You will get a list where each element corresponds to a list composed of a data.frame (freq = word frequency; stem = stem word; word = word) and the name of the original PDF file without the extension. If you also have TXT files, you can use the getTXT
function which works similarly. To merge the results of the PDF and TXT extraction, use the append
function as shown bellow:
wordFreqPDF <- getPDF(myPDFs = listFilesExt$pdf)
wordFreqTXT <- getTXT(myTXTs = listFilesExt$txt)
wordFreq <- append(wordFreqPDF, wordFreqTXT)
In order to exclude stop words, use the excludeStopWords
function which takes the list previously created and the language as arguments:
wordFreq <- excludeStopWords(wordF = wordFreq, lang = "English")
#> [[1]]$wc
#> freq stem word
#> 135 101 covari covariates
#> 144 46 data data
#> ... ... ... ...
#>
#> [[1]]$name
#> [1] "v68i01"
#>
#> ...
In our case, “the” and “and” where supressed from the data.frame.
Optionally, you can truncate the number of words in each data.frame using the truncNumWords
function:
wordFreq <- truncNumWords(maxWords = Inf, wordF = wordFreq)
Specifying maxWords = Inf
won’t truncate the data.frames.
To obtain a word occurence data.frame, each element of the wordFreq list must be merged. This operation is performed with the mergeWordFreq
function:
mergedD <- mergeWordFreq(wordF = wordFreq)
#> word v68i01 v68i02 v68i03 v68i04 v68i05 ...
#> stem2076 model 11 25 89 420 253 ...
#> stem722 data 46 95 11 43 18 ...
#> ...
All theses tasks can be performed with the getwordOccuDF
function which takes the working directory and the language as arguments:
mergedD <- getwordOccuDF(mywd = "/home/user/myWD/JSS/", language = "English")
A folder named “RESULTS” is created in your working directory and contains the output files for each analysis performed.
Simple manipulations can be easily performed from the word occurrence data.frame. The number of words (excluding stop words) can be computed as following:
numWords <- apply(mergedD[,2:ncol(mergedD)], MARGIN = 2, FUN = sum)
Or the number of unique words:
numUniqueWords <- apply(mergedD[,2:ncol(mergedD)],
MARGIN = 2, FUN = function(i) {length(i[i > 0])})
Considering the number of words as an “area”, and the number of unique words as “species”, we can easily build a “species-area relationships” analysis (which is commonly Log-Log transformed):
plot(x = log(numWords), y = log(numUniqueWords), pch = 16)
text(x = log(numWords), y = log(numUniqueWords),
labels=names(mergedD[,2:ncol(mergedD)]), cex= 0.7,pos = 3)
lmSAR <- lm(log(numUniqueWords) ~ log(numWords))
summary(lmSAR)
abline(lmSAR)
#> Call:
#> lm(formula = log(numUniqueWords) ~ log(numWords))
#>
#> Residuals:
#> Min 1Q Median 3Q Max
#> -0.31186 -0.03016 0.02944 0.05401 0.15724
#>
#> Coefficients:
#> Estimate Std.
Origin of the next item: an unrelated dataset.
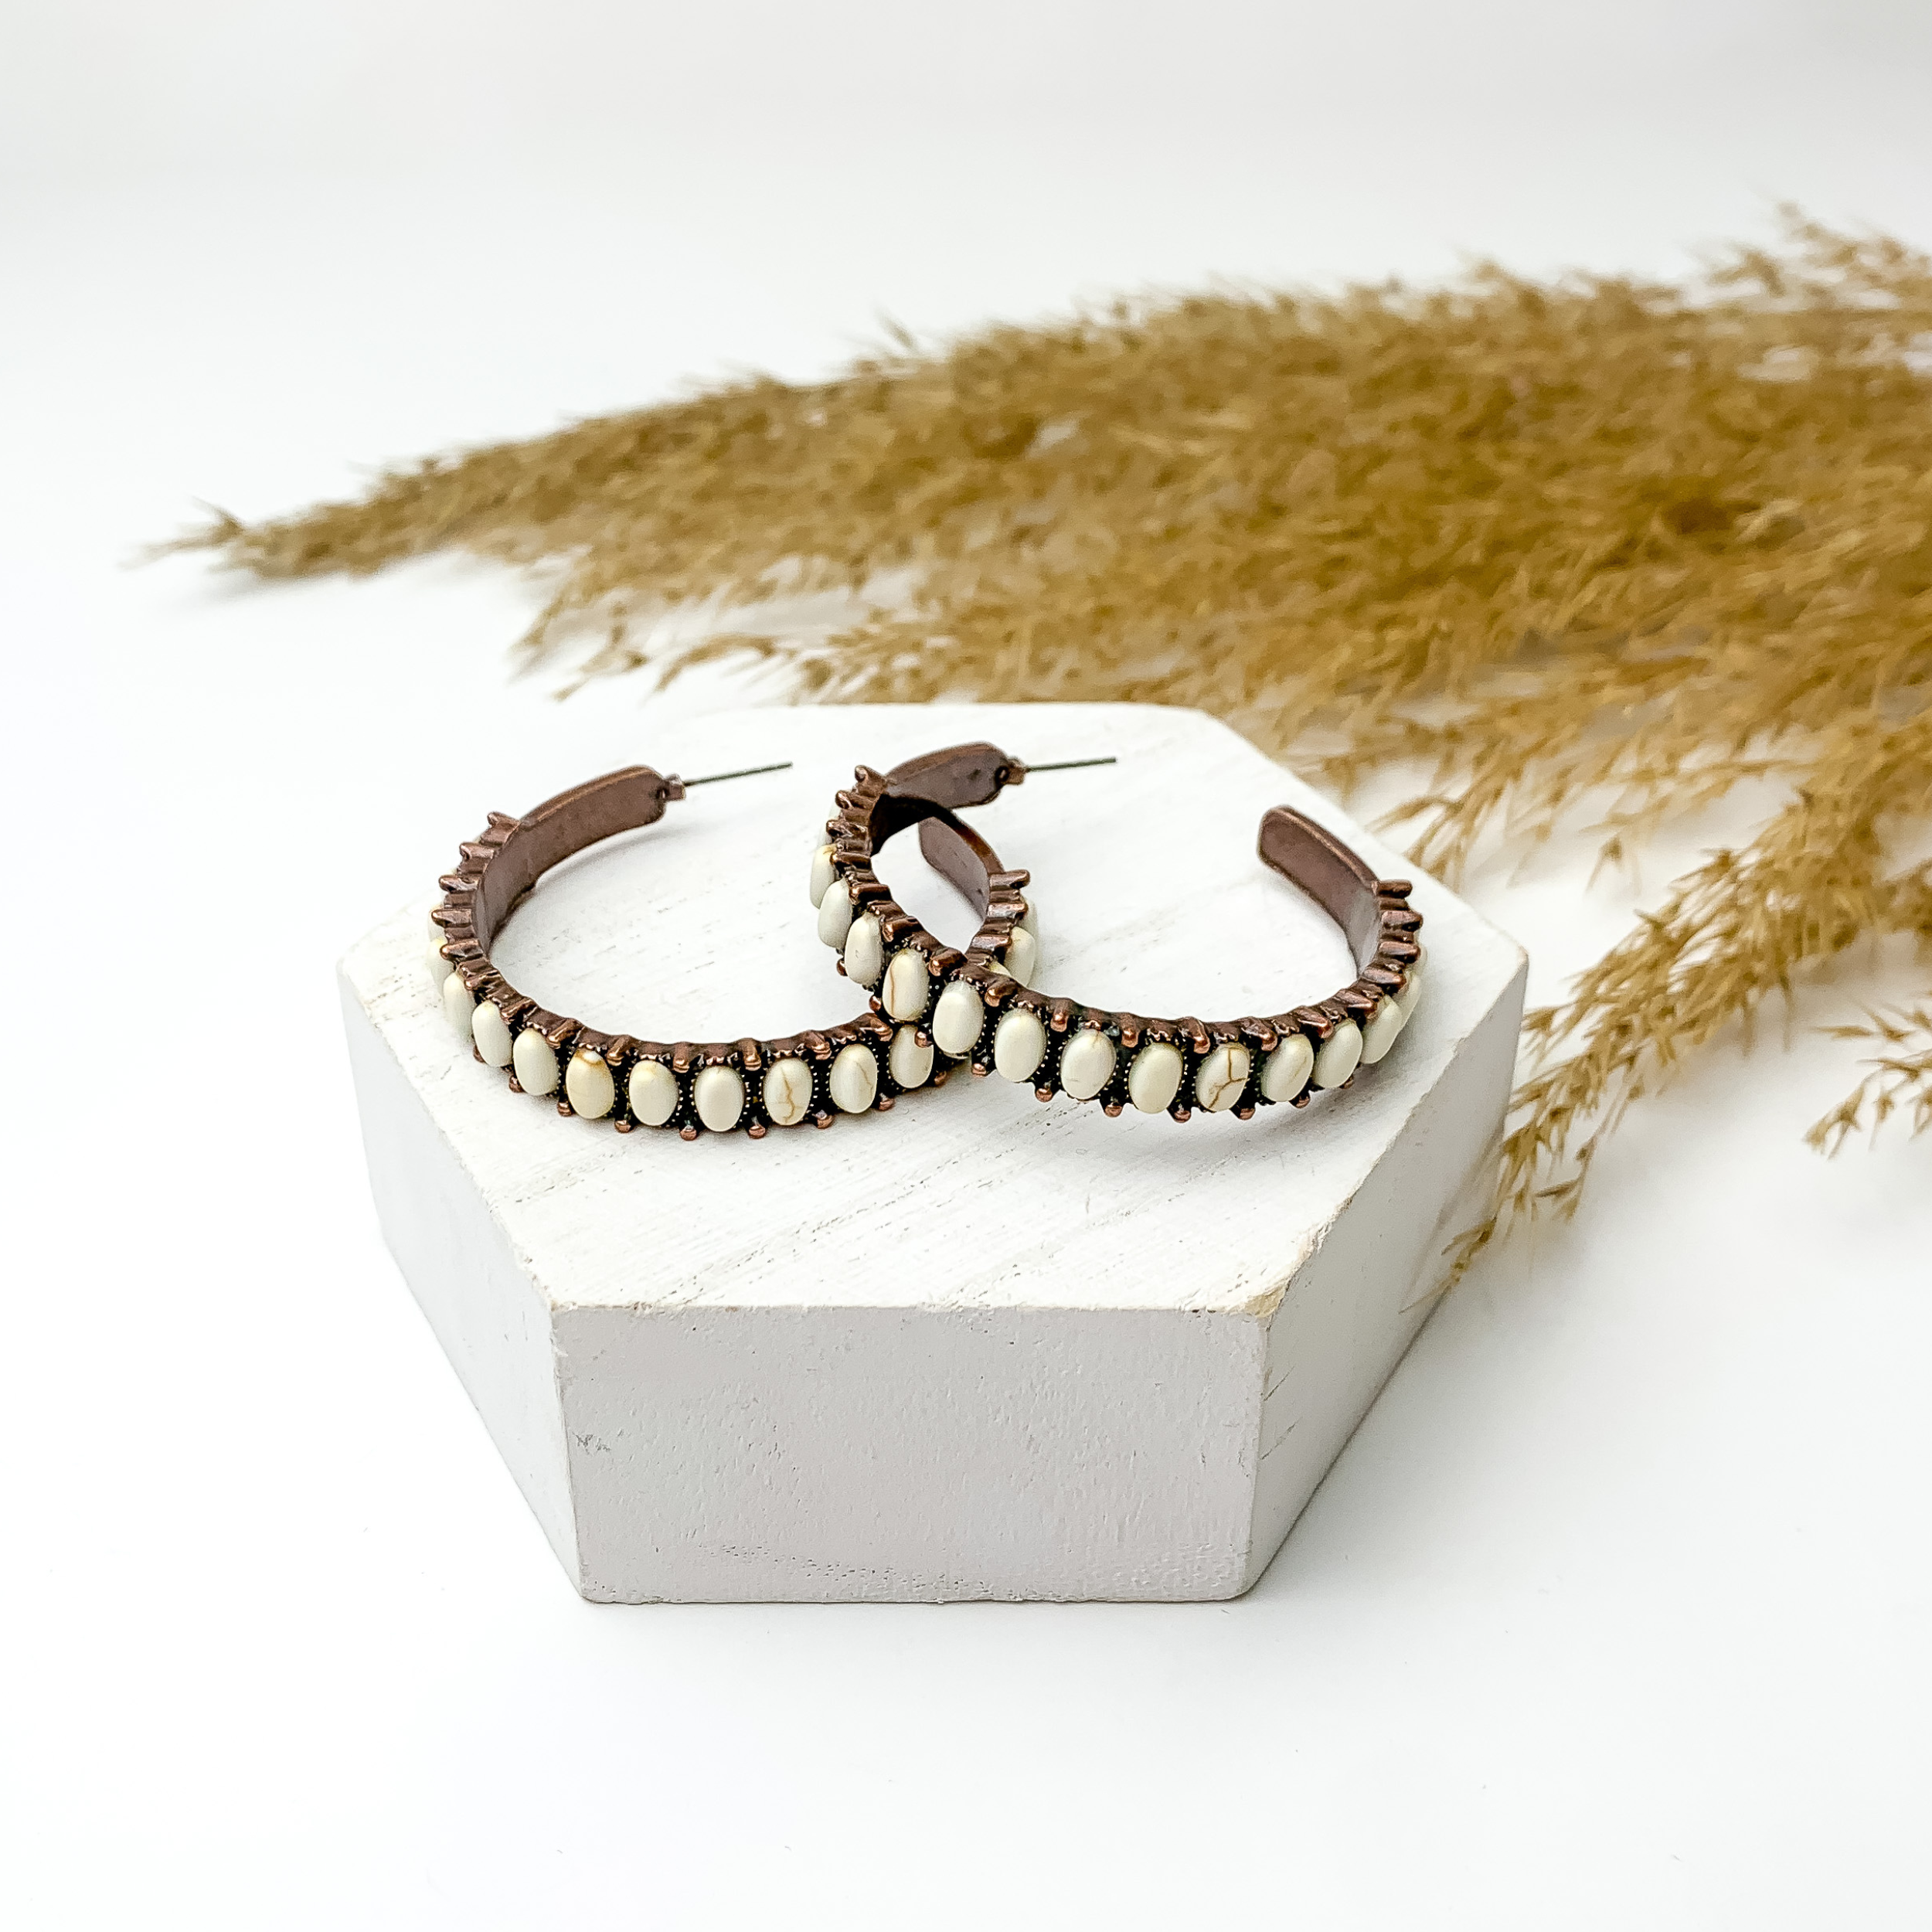 Copper tone semi hoop earrings with white stones, pictured with pampas grass on a white background. 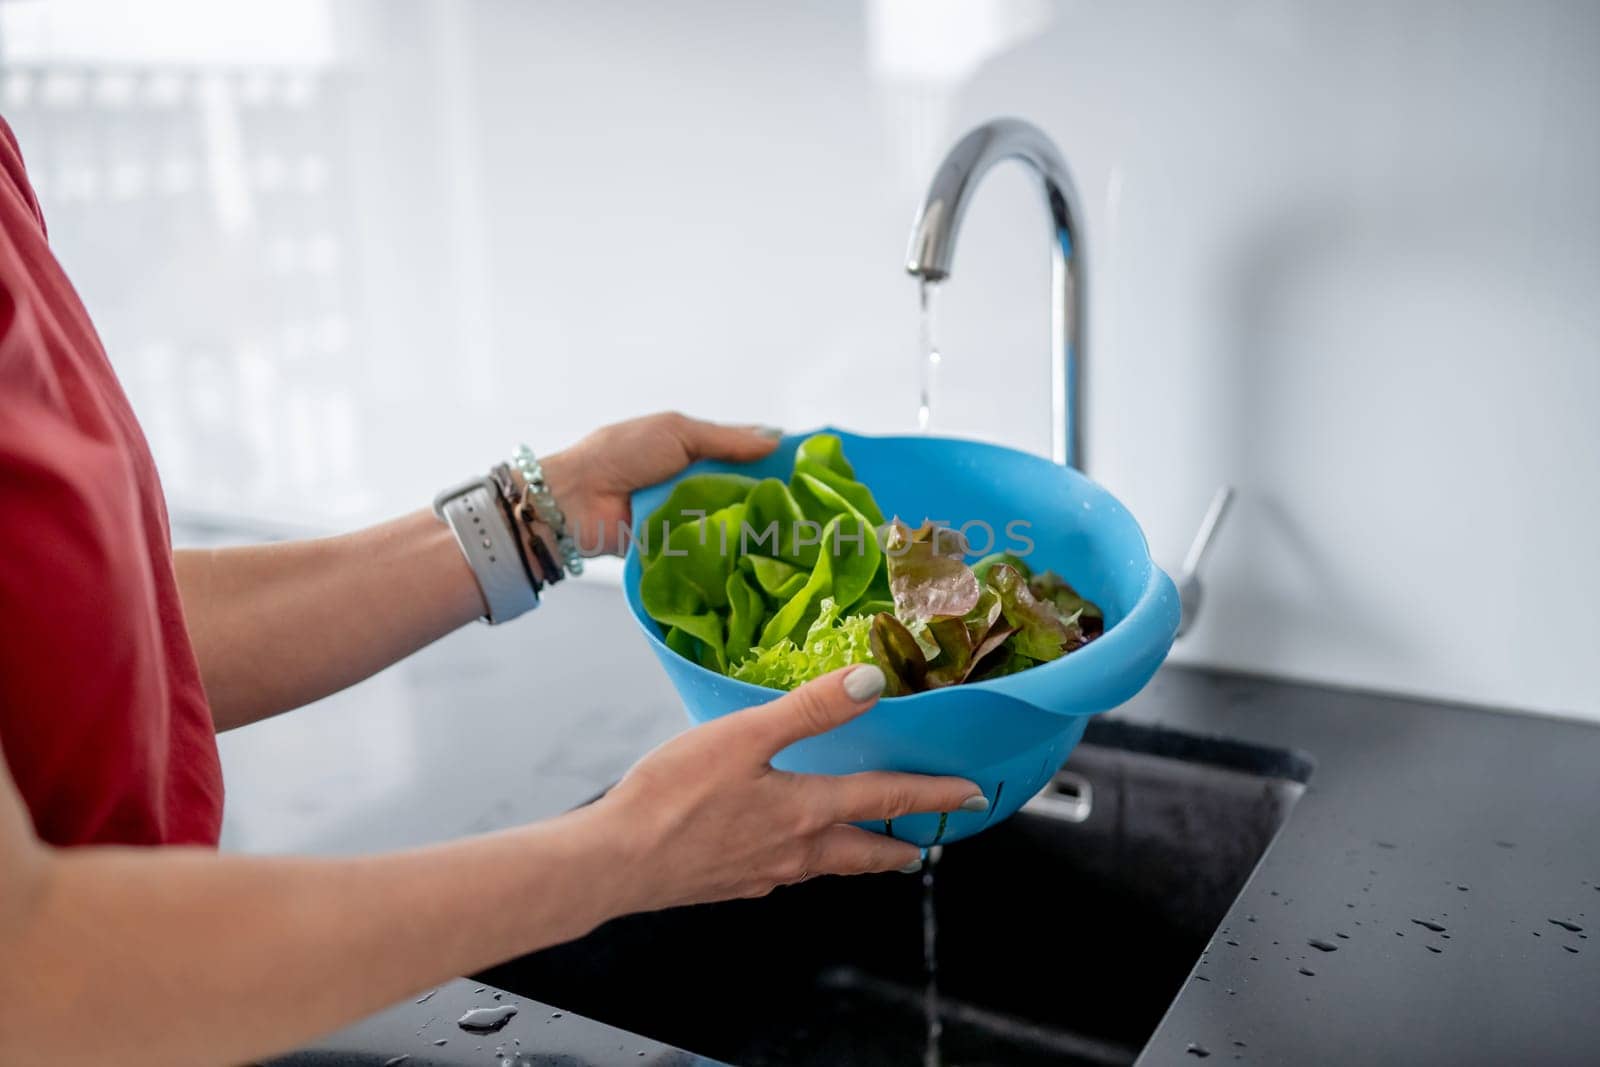 Young Woman In Kitchen Washes Lettuce Leaves In Close-Up View

Error t value Pr(>|t|)
#> (Intercept) 1.4693 1.2606 1.166 0.27738
#> log(numWords) 0.6246 0.1524 4.099 0.00344 **
#> ---
#> Signif. codes: 0 ‘***’ 0.001 ‘**’ 0.01 ‘*’ 0.05 ‘.’ 0.1 ‘ ’ 1
#>
#> Residual standard error: 0.1316 on 8 degrees of freedom
#> Multiple R-squared: 0.6775, Adjusted R-squared: 0.6372
#> F-statistic: 16.8 on 1 and 8 DF, p-value: 0.003441
The slope is significantly different from zero, so that longer articles have a higher specific richness in terms of number of unique words. Additional analyses from this perspective can be found in numerous R ecological packages. A good place to start is the vegan
package.
Assuming your word occurrence data.frame is named “mergedD”, you can compute word clouds with the makeWordcloud
function. The getPlot argument controls which word clouds should be computed. If getPlot[1] == TRUE, then a word cloud is made for each file. If getPlot[2] == TRUE, then a word cloud is made for the set of documents.
makeWordcloud(wordF = mergedD, wcminFreq = 50, wcmaxWords = Inf,
wcRandOrder = FALSE, wcCol = RColorBrewer::brewer.pal(8,"Dark2"),
getPlot = c(FALSE,TRUE))
The function getSummaryStatsBARPLOT
allows you to compute a barplot of the number of unique words per document. It returns the number of unique words per document.
getSummaryStatsBARPLOT(wordF = mergedD)
#> [1] 597 800 969 1019 838 788 541 822 823 568
The function getSummaryStatsHISTO
allows you to compute an histogram of the number of word per document.
getSummaryStatsHISTO(wordF = mergedD)
The function getSummaryStatsOCCUR
allows you to compute a scatter plot with the proportion of documents using similar words, and returns the corresponding table.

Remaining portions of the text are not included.